I made them feel uncomfortable. When I asked why and how, there was no reason. Then, the way I texted upset her. It wasn’t what I said—it was the way I said it.

In the moment I apologized, but with time to reflect I now realize I was being authentic. I was just being myself. And while some people think nothing of how I speak and act, and some even enjoy who I am, others don’t like it. Now what?

This past year delivered the transformation I never expected. It was a transformation I could’ve sworn had already taken place in my twenties. The only way I’ve been able to describe this feeling is: I stopped being a “girl” and became an adult woman. Yes, at 37 years old one might expect this. But what I mean is, I read the books, listened to the podcasts, went through a serious healing journey, but only now do I know this: the way others feel when we speak and act from a place of confidence, authenticity, and empowerment will either attract or deflect. There is no in-between. I so often hear that people who are not aligned with our energy or values will drop out of our lives, while others will be magnetized toward us. And now I can attest…throughout our lives we all hold our own frequency, and as our frequency shifts, so do the people surrounding us.

Something I’ve been experiencing lately is how sometimes we are able to return to past relationships after having healed our wounds. Similarly, I’ve often been drawn back to friends who have healed theirs. It’s a beautiful thing.

I’ve been reflecting on past lives where I shrank myself next to women who I felt had too much personality, charisma, or confidence. I usually thought of her as conceited, or even a b*tch in some cases. Now, I am that woman, and I’m drawn to other women like this. I accept this fact with a smile in my heart and a good deal of pride.

After this year I’ve been able to understand and forgive every woman I’ve ever held resentment toward—a boss, a friend, a colleague. They were simply being authentic, and I can see that now. As these women dropped out of my life (and I out of theirs), the separation led each of us closer to our desired outcomes in life.

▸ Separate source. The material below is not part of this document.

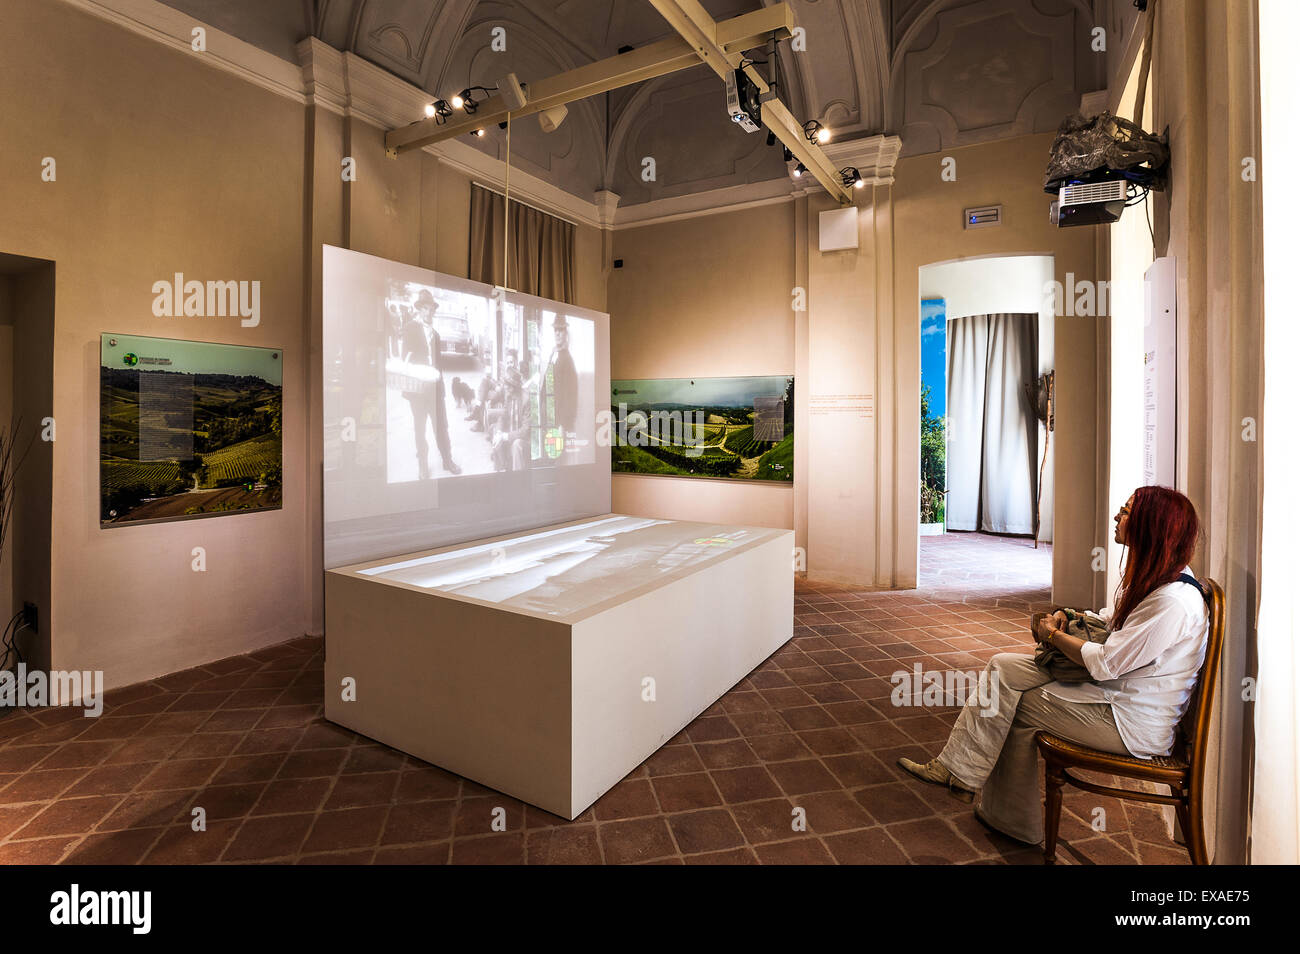 Italien-Piemont-Langhe und Roero World Heritage Magliano Alfieri Schloss-Museum Theater der Landschaft im Inneren des Schlosses eröffnet 13. Juni 2015 Stockfoto
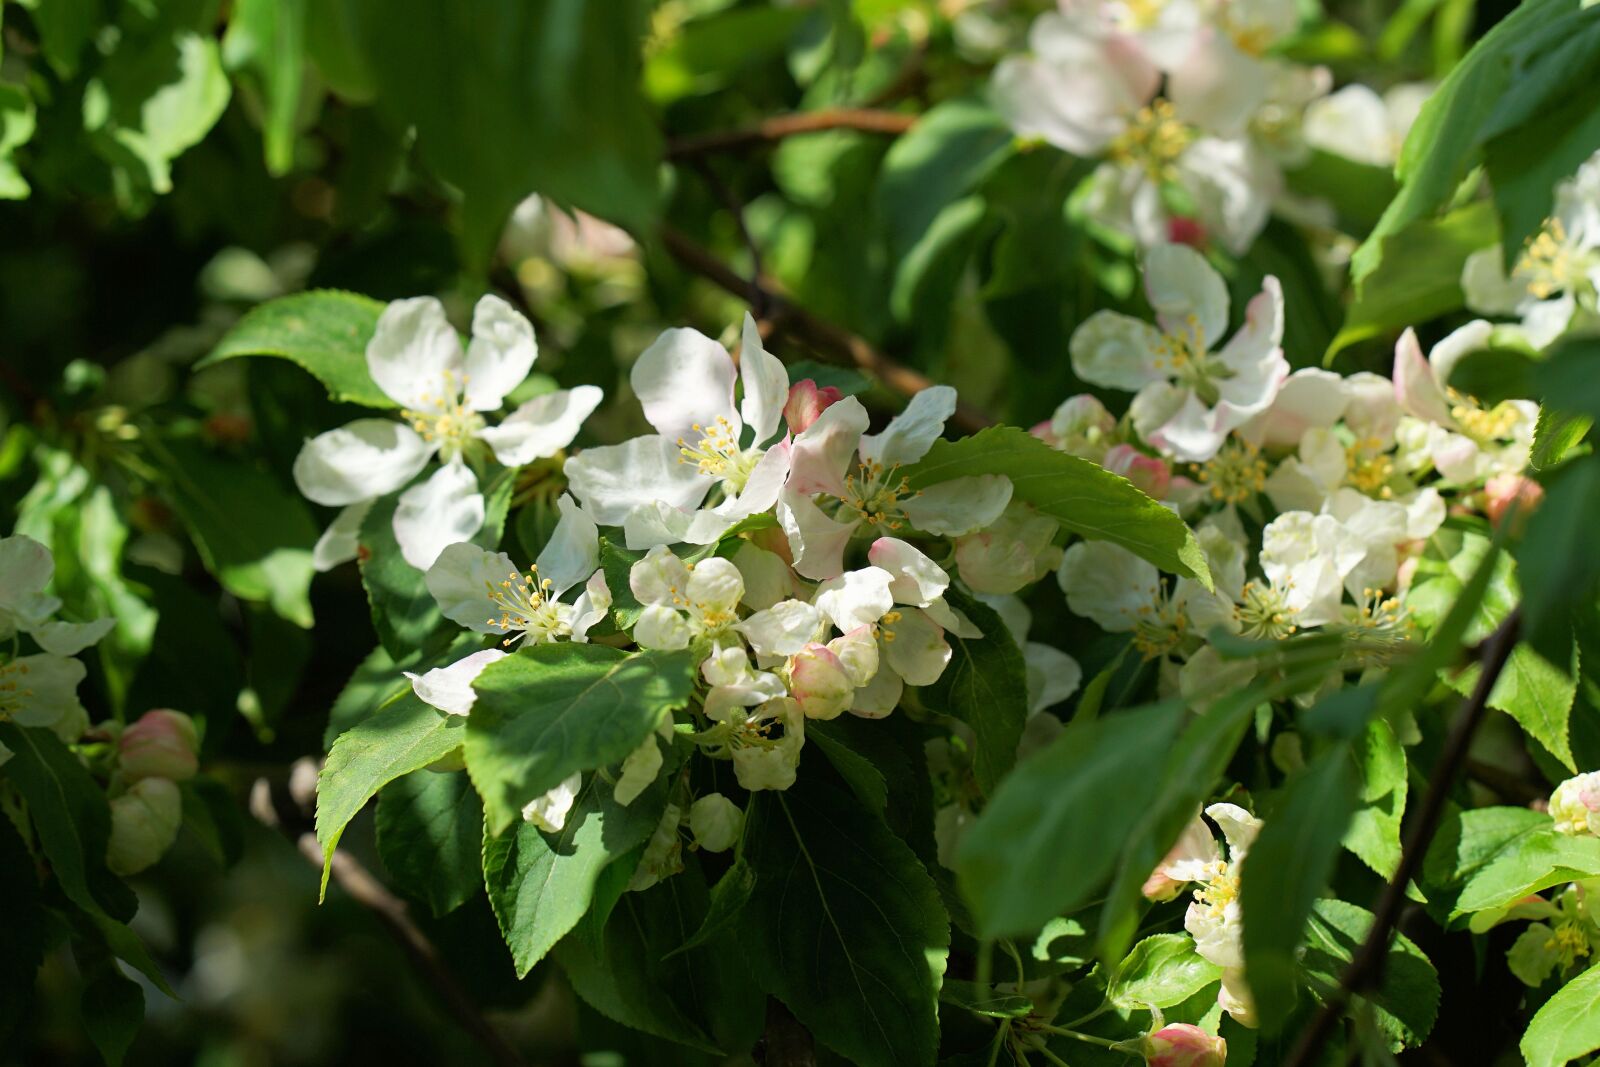 ZEISS Batis 85mm F1.8 sample photo. Embellishment, spring, apple blossom photography

Here are a couple of personal examples that have been on my mind:

  • I once had an employer who told me I was a bad “cultural fit,” and she let me go. I was livid—triggered by the language she used. But I now realize she was right. She told me, “You will thank me one day,” and here I am. Thankful. Every moment I spent at that job depleted more of my soul and spirit. I was not happy in the environment or the culture. It was “glamorous” from the outside, but I was always looking for a way out. She let me go, and within the week I found a more aligned job where I worked with talented, playful, brilliant humans. I traveled to Italy with them (my favorite place in the world) during my first month on the job.

  • In my teens I had a frenemy (glad to say we’re on good terms as adults). She and her sister walked, stood, acted, and spoke with confidence almost 100% of the time I spent with them. I thought they were cold. Now I realize they were confident. Their parents raised them as strong women from a young age. They both knew their self-worth, and although they were known as “mean girls,” as an adult I have so much respect for those young women and the people who raised them.

As I step into becoming one of those women—one who knows her self-worth and accepts that this may push some people away—I see how this is for everyone’s greatest good. Girls have much to learn from women, and as I stand in the center of the portal from one level to the next, I realize all girls deserve love, patience, and sometimes guidance, because this world does not make it easy on females. As a result, we often spend the earlier years of life people-pleasing, comparing, and “love & light”-ing our way through.

The expectations are so high for women to have it all together. But what having it together really takes is experiences—more life—before we can truly arrive at a place where we have it together, and in our own timing. For the record, I define “having it all together” as trusting that everything in life will work out, knowing that everyone is doing the best they can, and developing the skills it takes to enjoy life in the present moment. Through triggers and challenges we decide on a grounded level to respond instead of reacting.

I found this Waxwing feather on my walk. A Waxwing feather is a rare find and often seen as a sign to lean into joy, gather with your “flock,” and trust in the rhythm of abundance and change.

So next time someone tells you that you aren’t their cup of tea, or they don’t like the way you are, maybe you can take it as a compliment. Or at least an invitation to continue on your path with more confidence and certainty that you’re standing in your truth as an individual.

But I’m new to the club so women, friends—I invite you to share your tips and advice for how we can continuously stand in our confidence without grasping for people and circumstances as they fall away. How can we allow life to take its course and circumstances to have their seasons?